1 Rule Fed. R. Civ. P. 65(a) does not expressly require an evidentiary hearing before a court rules on a motion for a preliminary injunction. Northglenn Gunther Toody’s, LLC v. HQ8-10410-10450 Melody Lane LLC, 702 F. App’x 702, 705 (10th Cir. 2017) (“[N]either Fed. R. Civ. P. 65(a) nor this circuit’s precedent require the district court to hold an evidentiary hearing or oral argument before deciding a motion for a preliminary injunction.”). Instead, a court may deny an injunction based on the written evidence without a hearing, even if one is requested, where “receiving further evidence would be manifestly pointless.” 11A Charles Alan Wright et al., Federal Practice and Procedure § 2949 (3d ed. 2020). See also Carbajal v. Warner, 561 F. App’x 759, 764 (10th Cir. 2014) (district court within discretion to decide whether to hold an evidentiary hearing); Reynolds & Reynolds Co. v. Eaves, 149 F.3d 1191, 1998 WL 339465, at *3 (10th Cir. June 10, 1998) (table) (same).

2 The background facts are taken from Plaintiff’s complaint as it is incorporated in his Motion by reference. (ECF No. 40 at 3.) Colorado. Colo. Rev. Stat. § 12-220-101, et seq. Pursuant to its governing provisions, the Board can investigate unprofessional conduct, conduct administrative hearings, and may take disciplinary action against licensed dentists who engage in such unprofessional conduct. Colo. Rev. Stat. § 12-220-106.

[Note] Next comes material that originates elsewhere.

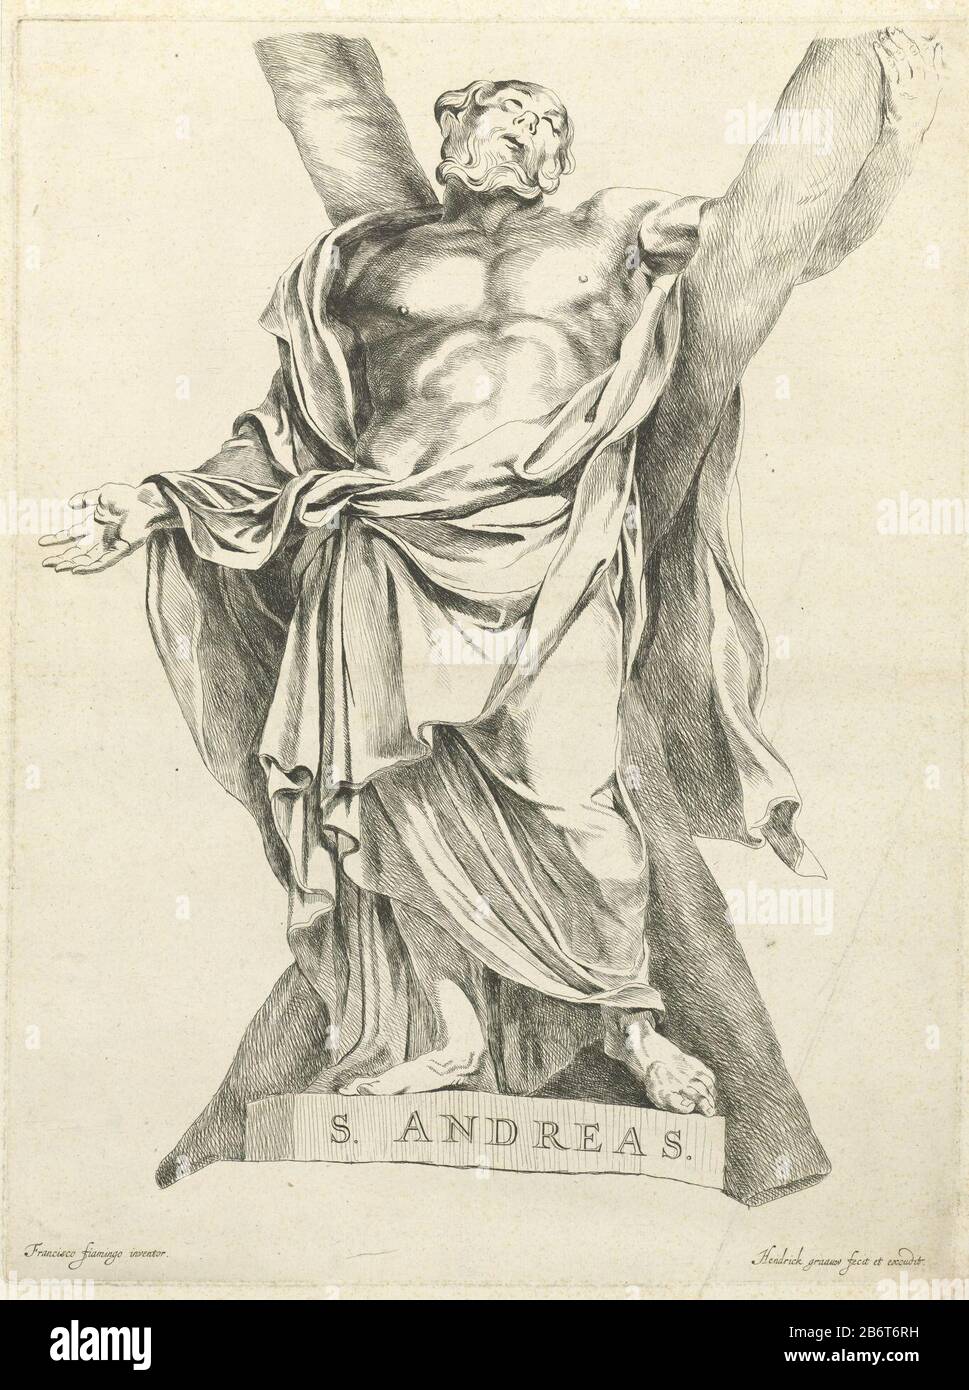 Heilige Andreas Saint Andrew, with x- shaped cross. The statue of François Duquesnoy. Manufacturer : printmaker: Hendrick de Graauw (listed building) to view: François Du Quesnoy (listed building) Publisher: Hendrick de Graauw (listed property) Date: ca. 1637 - 1693 Physical features: etching material: paper Technique: etching dimensions: plate edge b 312 mm x h 413 mm Subject: the apostle Andrew; possible attributes: book, X-shaped cross, fish, fishing net, rope, scroll right and Stock Photo
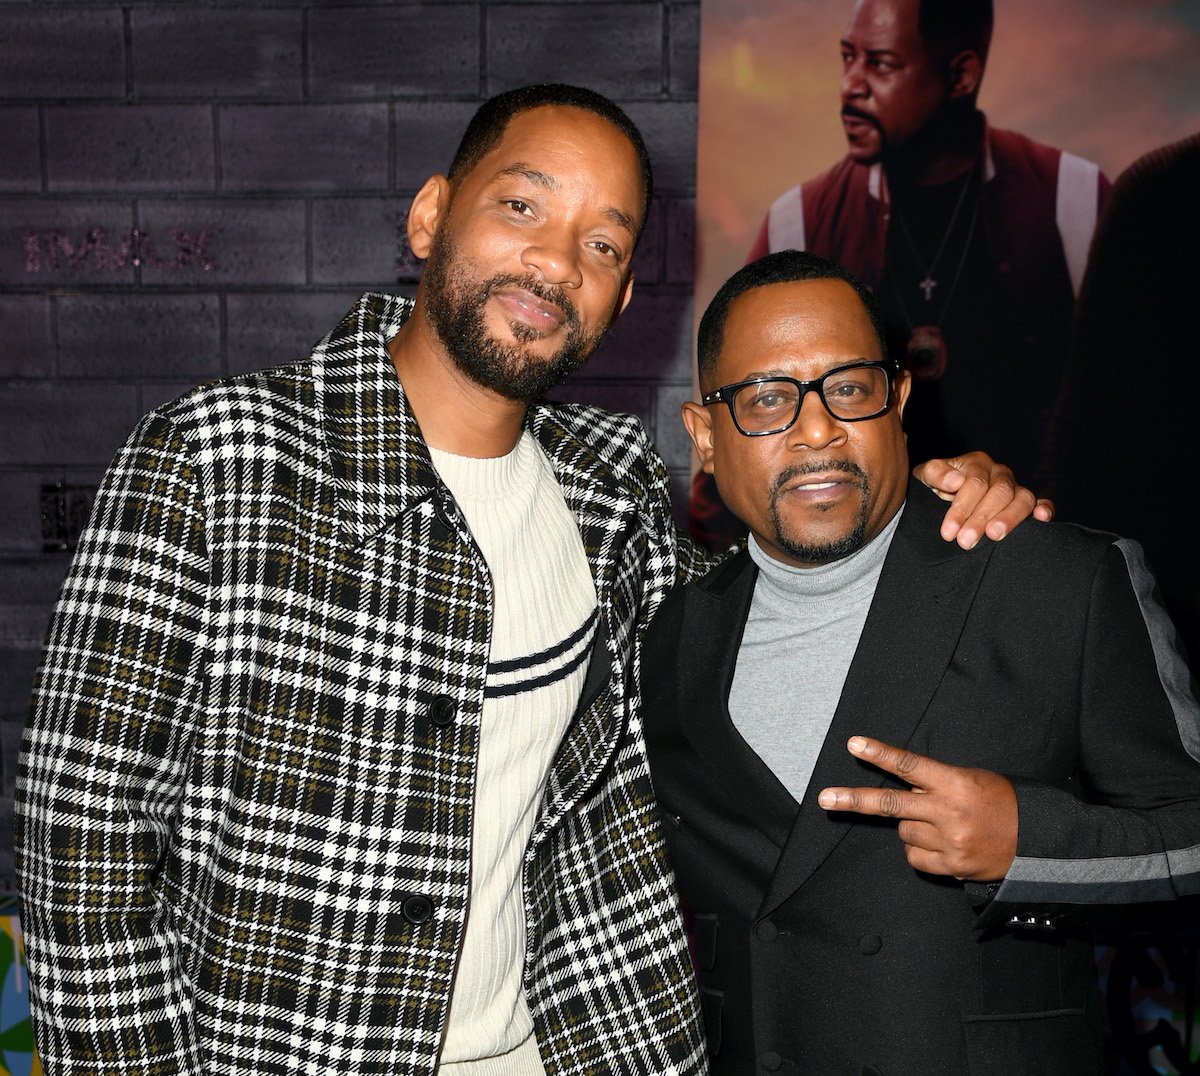 Will Smith and Martin Lawrence at the 'Bad Boys For Life' premiere

On October 24, 2017, patient “JR” filed a complaint for misconduct against Plaintiff based on services performed (or not performed) while being treated for various dental issues with the Board (the “JR Case”). (Id. at ¶¶ 98-102.) On October 26, 2017, the Board sent Plaintiff a letter requesting that he respond to allegations in JR’s complaint, especially concerning “drug abuse” and “false advertising.” (ECF No. 2 at ¶ 50.) On December 17, 2017, Plaintiff responded, denying any wrongdoing. (Id. at ¶ 55.) The Board subsequently tabled any action in the JR Case pending receipt of additional information. (ECF No. 2-1 at 53.) Around the same time, the Board was investigating another complaint patient “DG” had filed against Plaintiff for misconduct (the “DG Case”). (Id. at ¶ 59.) On February 27, 2018,

Plaintiff and the Board reached a disciplinary stipulation resolving the DG Case which required Plaintiff to complete education, training, and monitoring components. (Id. at ¶¶ 59-60.) In addition, Plaintiff was precluded from “preforming any treatment or procedure related to preparing [sic] placing or restoring dental implants.” (Id. at ¶ 121.) Plaintiff claims he satisfied the education and training obligations under the stipulation, but that the Board obstructed his compliance with the monitoring requirements. (Id. at ¶¶ 132, 179.) This allegedly occurred when the Board proposed to merge the DG stipulation with a proffered settlement of the JR Case. (ECF No. 2-1 at 56.) Plaintiff claims the merger “sought to muddy the waters, forestall the inevitable outcome of their own breach of the terms of the DG stipulation, and forestall the removal of the practice restrictions and the monitoring requirements completions related to the DG stipulation.” (ECF No. 2 at ¶ 73.) Additionally, Plaintiff claims the Board’s conduct in the JR Case constituted a pattern of harassment by (1) “continuing to prosecute and persecute him beyond the completion of the

terms of the DG stipulation,” (2) delaying the “processing of the JR complaint and the initial restrictive inquiry of the defendants solely into the issues of ‘false advertisement’ and ‘drug abuse,’” and (3) expanding the “scope [of] the JR charges into actual treatments and diagnostic modalities without affording the Plaintiff an opportunity to respond to such accusations.” (Id. at ¶ 76.) In light of all this, Plaintiff declined the Board’s offer to settle the JR Case. (Id. at ¶ 62.) On May 14, 2020, the Board notified Plaintiff that the JR Case had been referred to the Office of the Attorney General for formal disciplinary proceedings. (ECF No. 2-2 at 5.) Plaintiff was charged with botching a cavitation procedure and record keeping deficiencies. (ECF No. 2 at ¶ 67.) Plaintiff now seeks to preliminarily enjoin prosecution of the JR Case pursuant to Fed. R.

Civ. P. 65. (ECF No. 40.) III. DISCUSSION The Court begins its inquiry with the irreparable harm prong as that “is the single most important prerequisite for the issuance of a preliminary injunction.” Dominion Video Satellite, Inc. v.